Similarly, nine (9) out of the ten (10) generating units analyzed have deadband settings outside the predefined value. Analyzing the droop and deadband settings, neither of the two (2) generating units with active droop control had a correct deadband setting—one had a deadband setting of 100 mHz and the other a setting of 200 mHz. This means no frequency control action will be taken until frequency excursions exceed at least 20 times the predefined deadband value.
Considering that the frequency in the WAPP grid should be maintained within ±200 mHz, the governors of generating units should be responsive to events that cause deviations within this range. In addition to decreasing the response from primary reserves, the wider deadband also increases the effective response time of these units. As noted earlier, this contributes to a control system which operates slower than the dynamics of the system being controlled. As a result, the delay in response, coupled with insufficient primary frequency reserves, further increases frequency deviations, fails to arrest frequency decline, and likely triggers UFLS as a primary means of prevent system collapse.
In summary, the assessment of governor control mode reveals that the primary frequency response contribution from a selected subset of generation units is almost non-existent, supporting observations made by TSOs in the questionnaire phase of this study.

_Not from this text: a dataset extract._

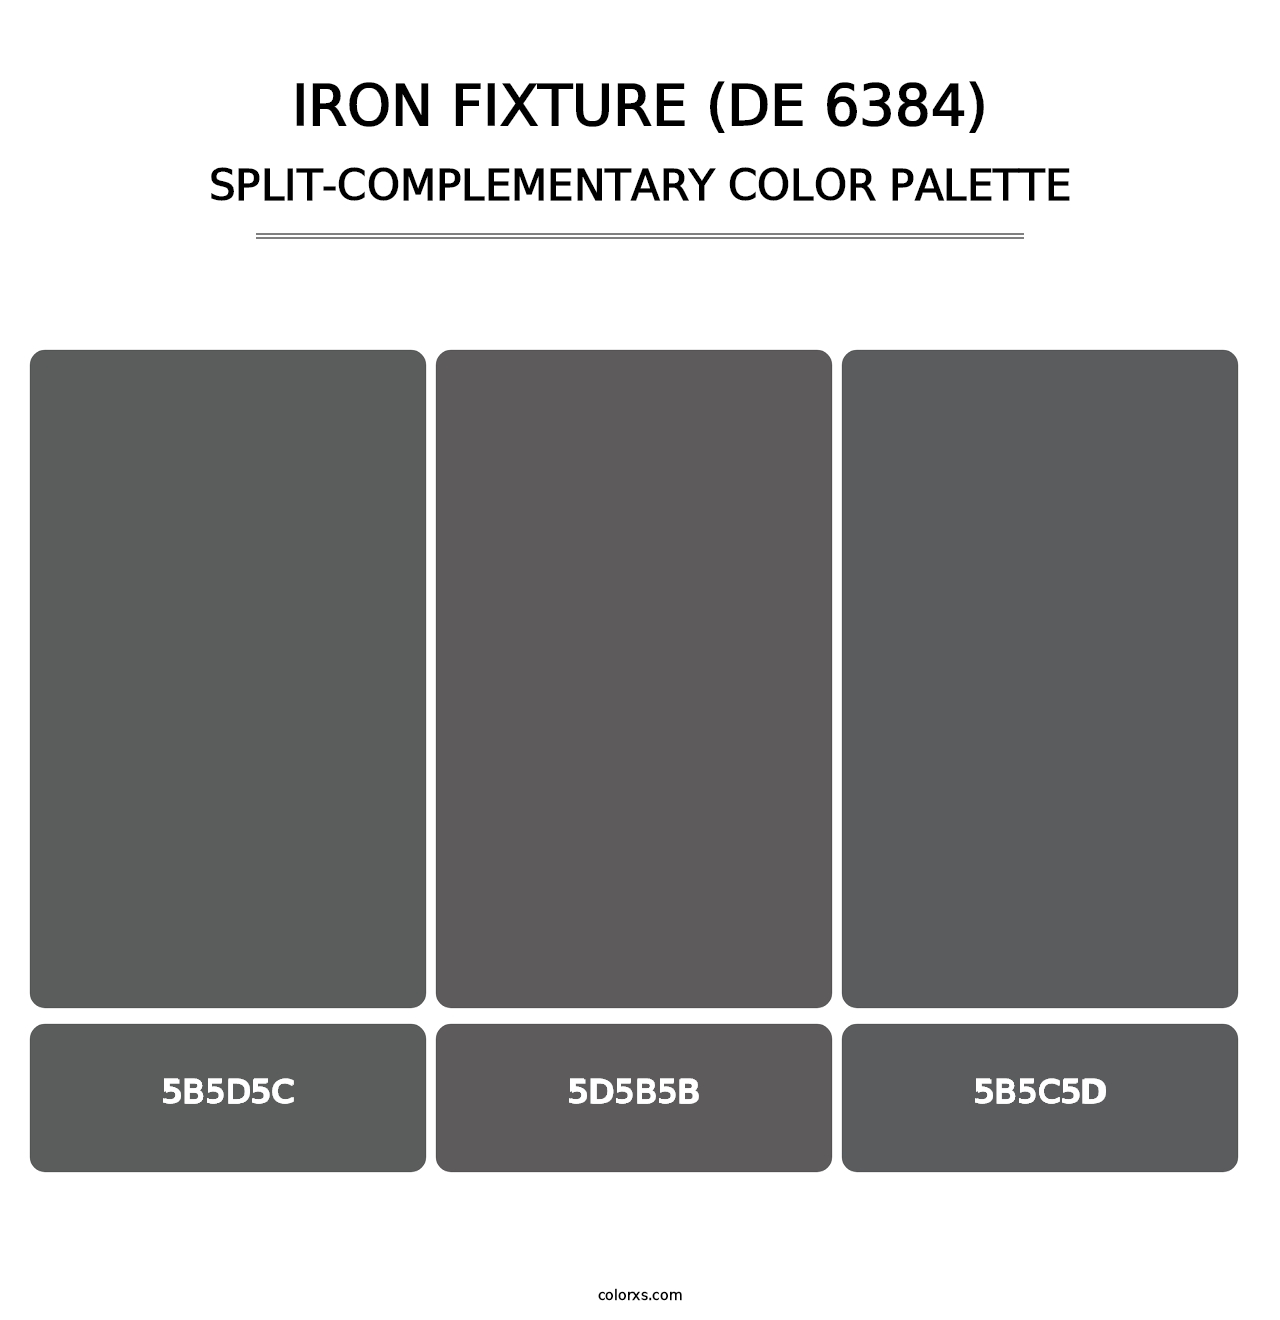 Iron Fixture (DE 6384) - Split-Complementary Color Palette

3.3. Frequency Response Analysis of Selected Events

A final analysis of field data applied frequency response metrics to recorded data using Grid Digital’s Phasoranalytics™ software version 2.2. Phasoranalytics imports historical phasor data from the WAMS to perform frequency response analysis. Based on frequency plots, selected frequency metrics were used to analyze frequency response. The first author carried out three case studies developed from one generation loss event in each of WAPPITS’ synchronous areas.

3.3.1. Case 1/Figure 1: Frequency Response for 300 MW Generation Trip in Synchronous Area 1

A generation loss of 300 MW in Synchronous Area 1 caused frequency to drop from 50.2 Hz to an initial nadir frequency of 49.3 Hz and then to a second nadir of 49.03 Hz, the UFLS threshold. The initial frequency was higher than the grid standard due to over-generation and the slow reaction of generator controls to regulate frequency. Subsequently, TSO actions (i.e., manual load shedding) to recover frequency worked briefly, followed by an additional frequency drop to 48.63 Hz. Frequency then recovered to 49.10 Hz through further manual load shedding. The total load shed was unknown, as reported by TSOs. This event supports questionnaire responses indicating inadequate frequency control reserves and also likely illustrates that using a combination of automatic and manual UFLS to restore frequency compounded frequency deviations.
Figure 1. Frequency response for 300 MW generation trip which occurred on 1 February 2024.
Figure 1. Frequency response for 300 MW generation trip which occurred on 1 February 2024.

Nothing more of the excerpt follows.